Check What Happened to the Last Version

Almost every "new" product category has a predecessor. Air fryers replaced countertop convection ovens, which replaced the rotisserie oven craze of the late 1990s. Before buying the current version, look up what happened to the last one. If it's sitting in thrift stores for three dollars, that's useful information about where today's model is likely headed.:

Separate the Product From the Problem

Some fads are genuinely solving a real problem — they just aren't the only solution, and they usually aren't the best one. Jogging became permanent because the underlying need for accessible cardiovascular exercise was real. The specific shoes, apps, and gear cycles around it come and go.

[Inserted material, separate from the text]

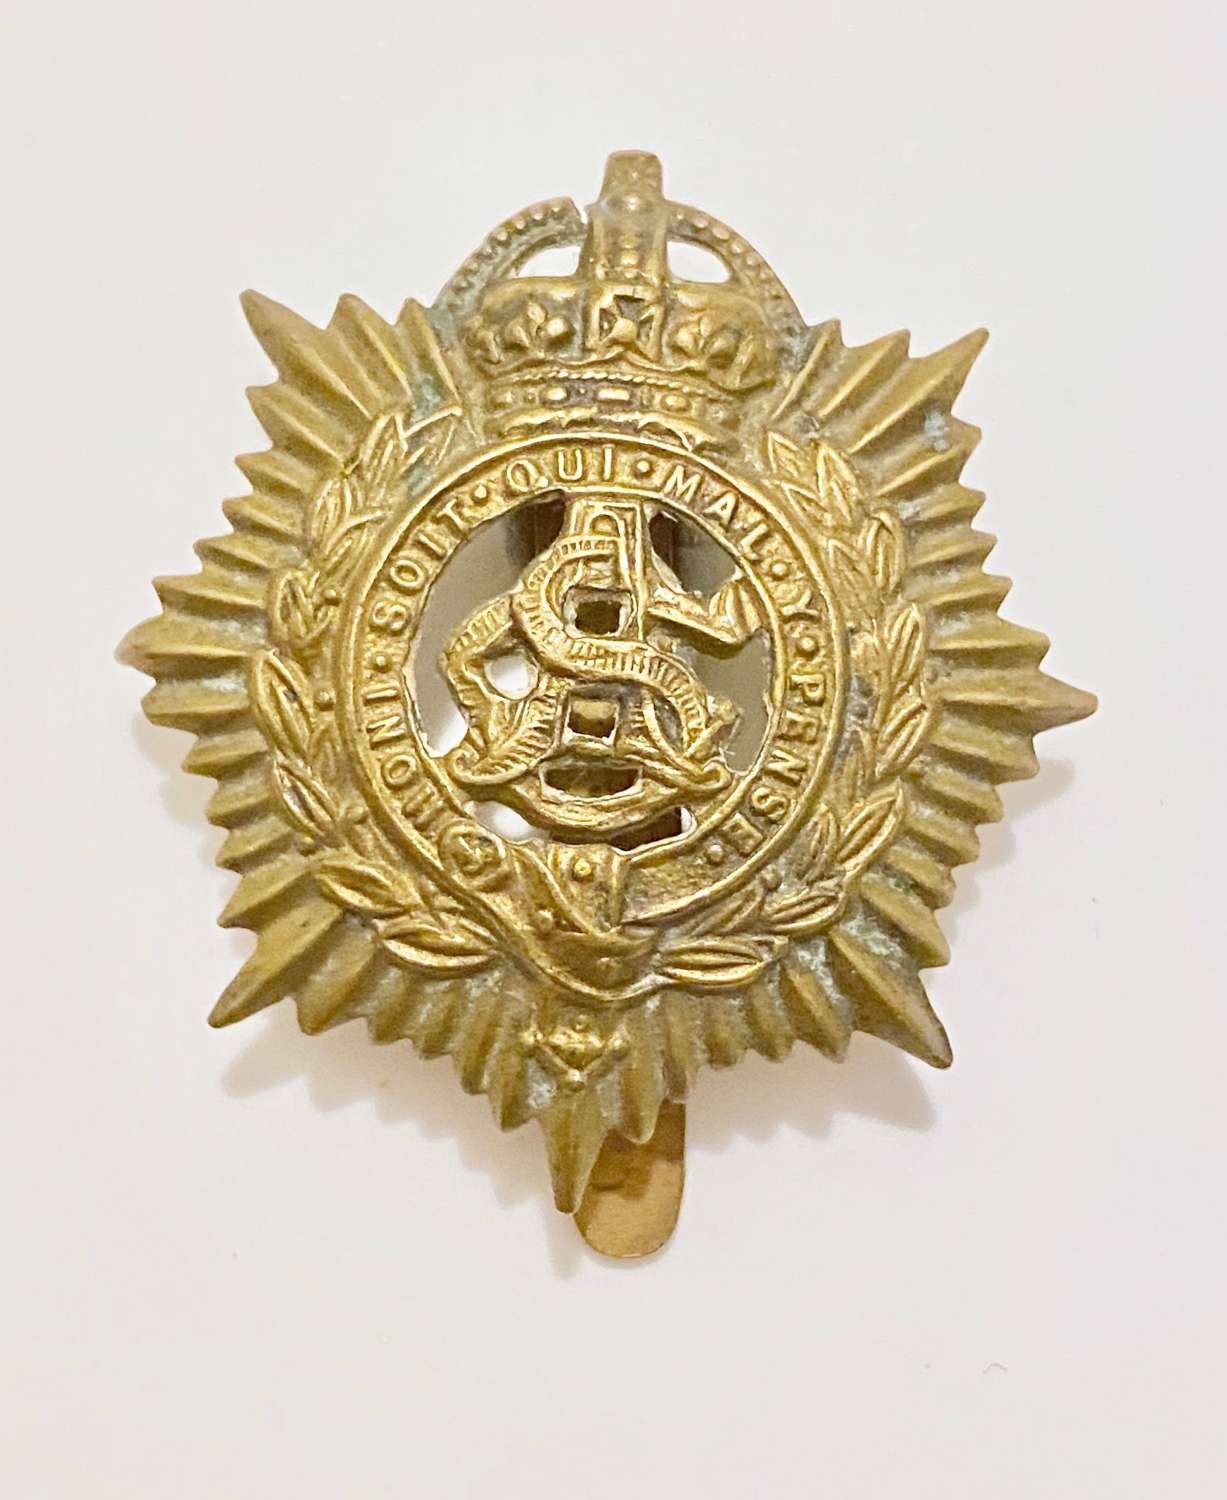 WW1 Army Service Corps Cap Badge by Woodward Birmingham.

Identifying the real need helps you find lasting solutions rather than chasing the packaging.:

Trust the Pattern, Not the Pitch

Celebrity endorsements, media coverage, and social proof are all features of the fad playbook — not evidence of lasting value. The pet rock had all three. When evaluating something new, weigh your own memory of similar moments against the current excitement. Your track record of watching these cycles complete is a more reliable guide than any marketing campaign.:

Across more than a century of American consumer culture, the fad cycle has proven remarkably consistent — and so has the advantage held by people who've watched it repeat. The urgency is always manufactured. The hype is always louder than the reality. And the products that actually change everyday life tend to arrive quietly and stick around without needing a countdown clock. Your generation's instinct to pause, compare what you're seeing to what you've seen before, and ask whether any of this will matter in ten years isn't skepticism for its own sake. It's the most practical thing in the room.